Ian Vernon Hogg (1 January 1926 – 7 March 2002) was a British author of books on firearms, artillery, ammunition, and fortification, as well as biographies of several famous general officers. During his career he wrote, co-wrote, edited, or co-edited about 150 books and sold well over 1 million copies.

Biographical sketch

Born on 1 January 1926, Ian V. Hogg enlisted in the Royal Artillery of the British Army in April 1945. During World War II he served in Europe and in eastern Asia. After the war he remained in the military. In the early 1950s, he served in the Korean War. Altogether he served in the military for 27 years. Upon retiring in 1972, he held the appointment of Master Gunner at the Royal Military College of Science, where he taught on the subjects of firearms, artillery, and their ammunition and use.  Hogg also had an interest in the subject of fortification and was one of the founding members of the Fortress Study Group in 1975.

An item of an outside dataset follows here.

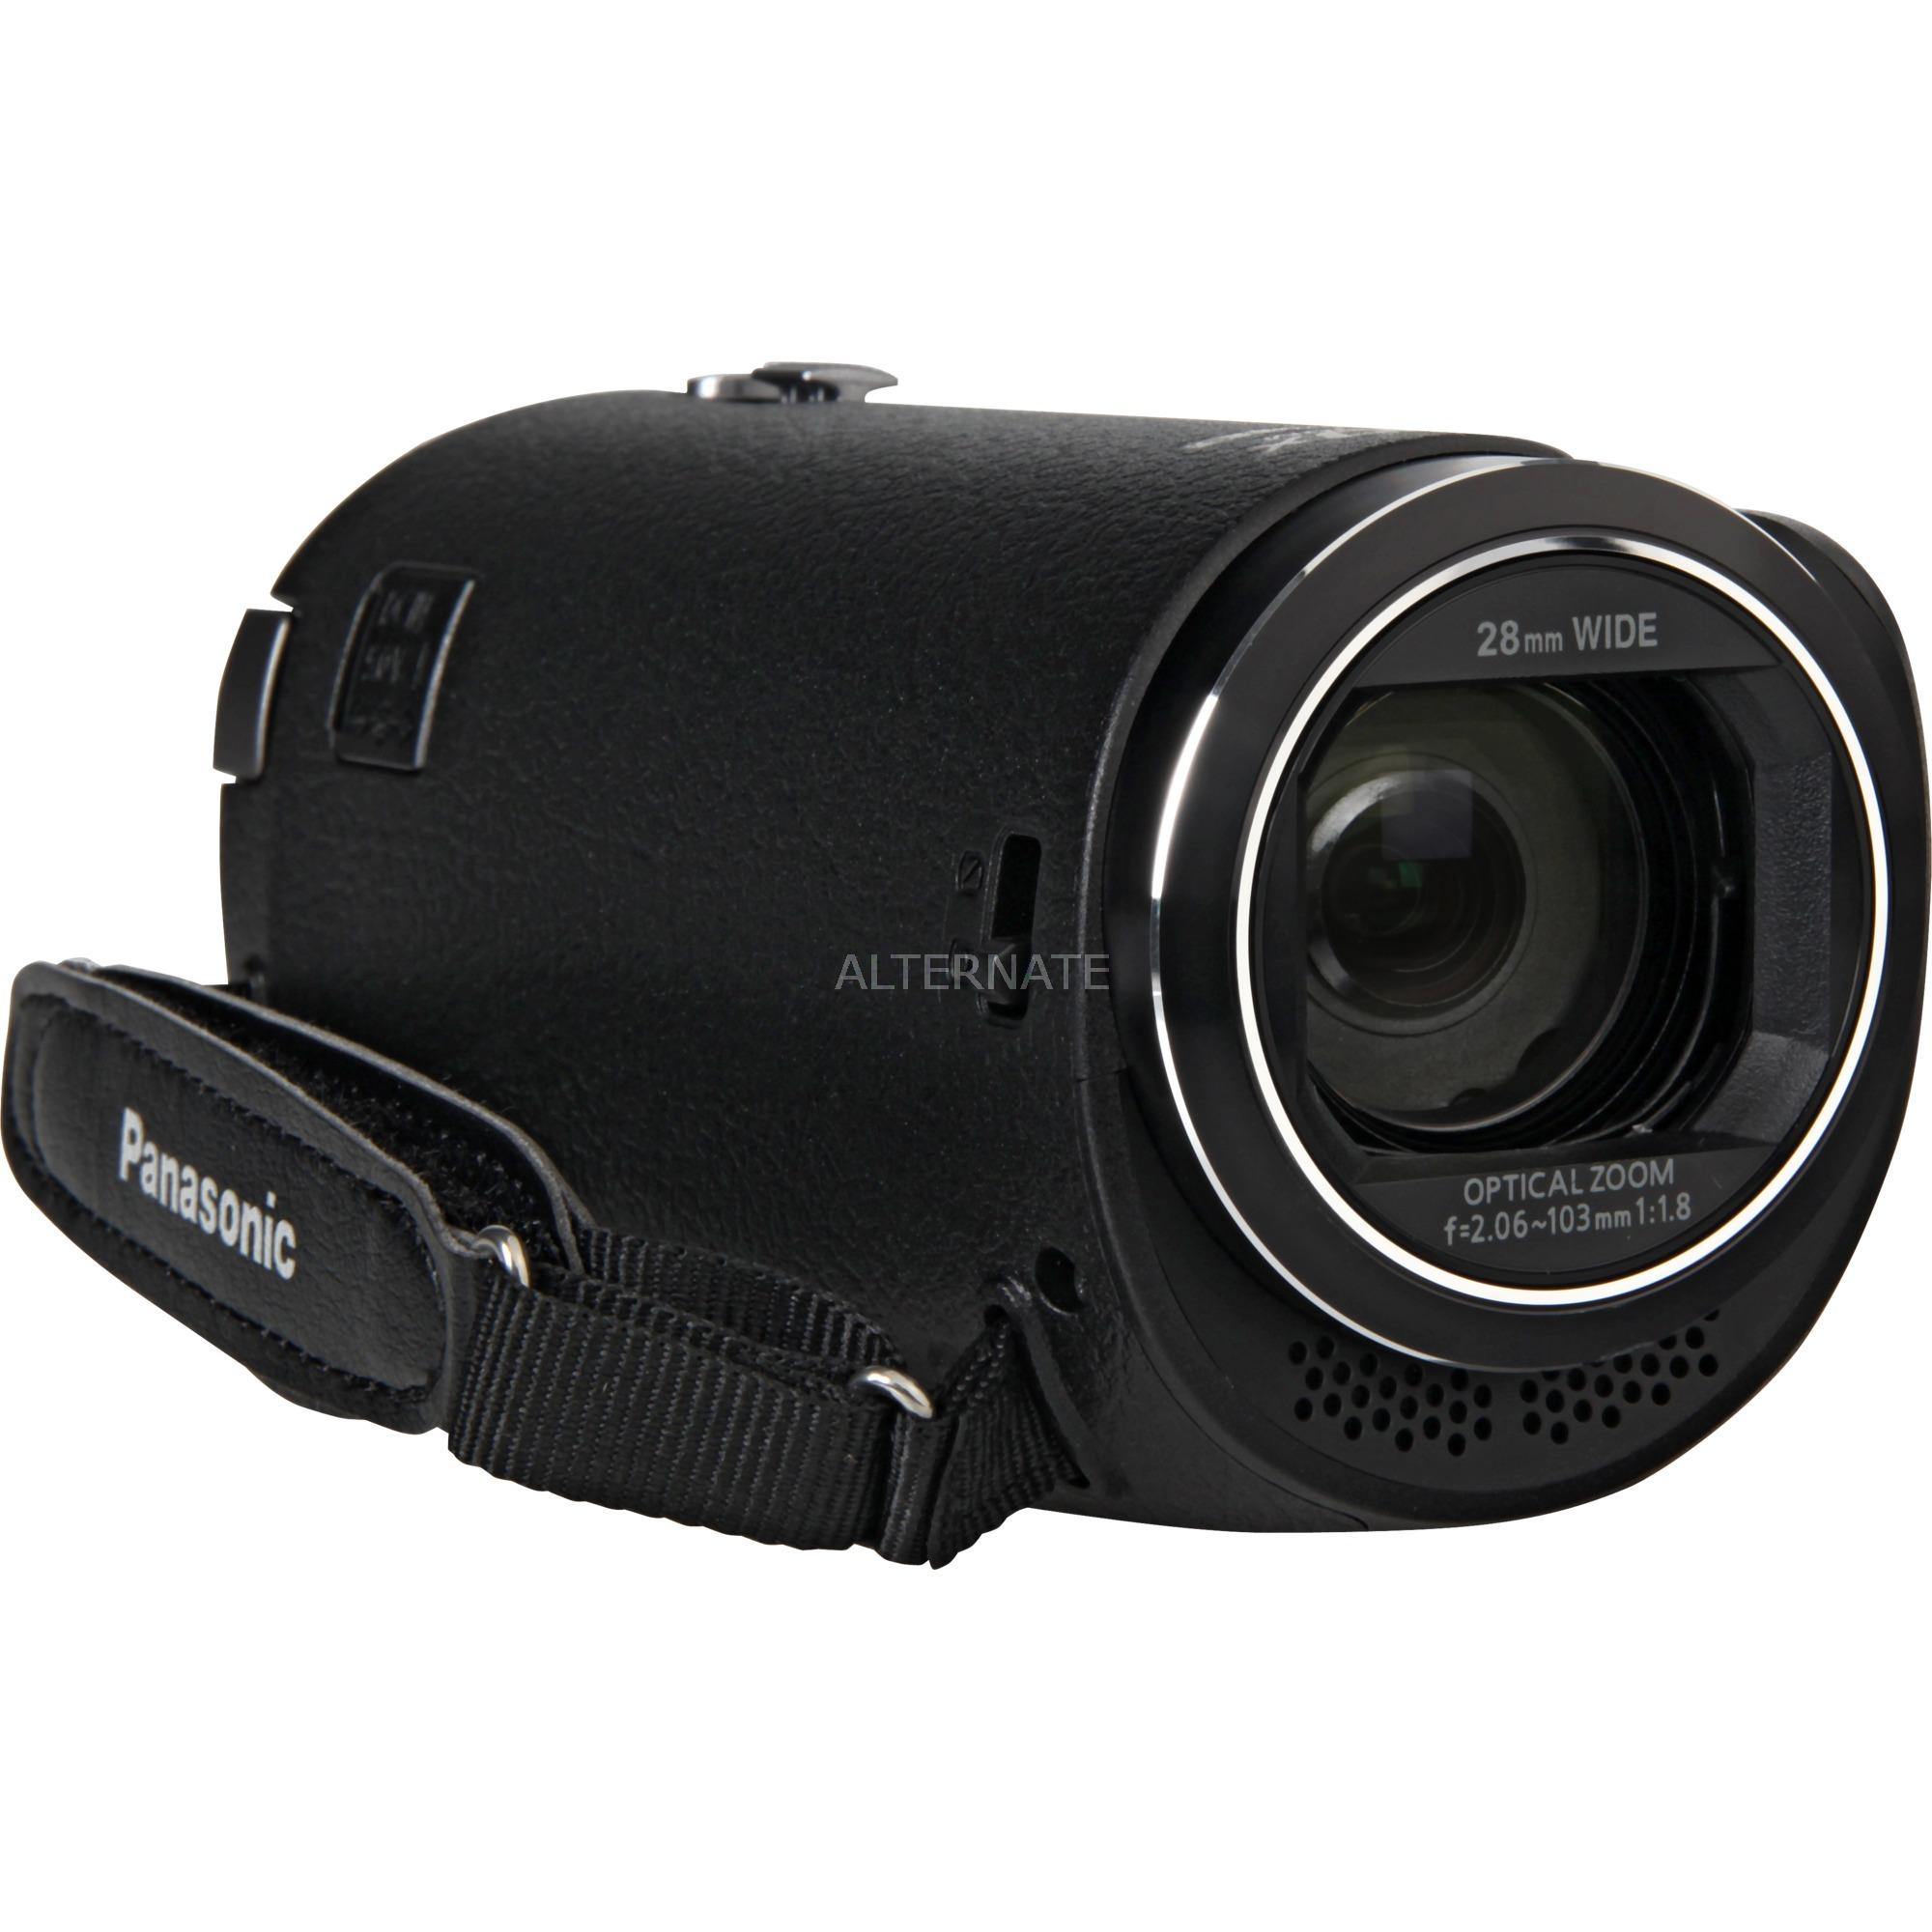 HC-V380EG-K soporte de videocámara 2,51 MP MOS BSI Videocámara manual Negro Full HD, Cámara de vídeo

His first books were published in the late 1960s while he was still an instructor. After retiring from the military, he pursued the career of military author and historian. He was editor of Jane's Infantry Weapons from 1972 to 1994. He worked with a skilled artist, John Batchelor, to ensure that his books were well illustrated with cutaway diagrams. He contributed articles to a variety of journals, and his books have been translated into a dozen languages. In Brazil, Argentina, and Spain his translated books are popular among military circles.

Hogg has been described by publishing people who worked with him as "an unassuming man, with a gift to pass on [his] knowledge at any level, and often with a dry humour", which is a gift that most of his readers can readily discern. He was also respected for his professionalism as an author. Walter said that he was "a consummate professional who (unlike most of his peers) usually submitted manuscripts on time, within agreed parameters, and accompanied by all the illustrations."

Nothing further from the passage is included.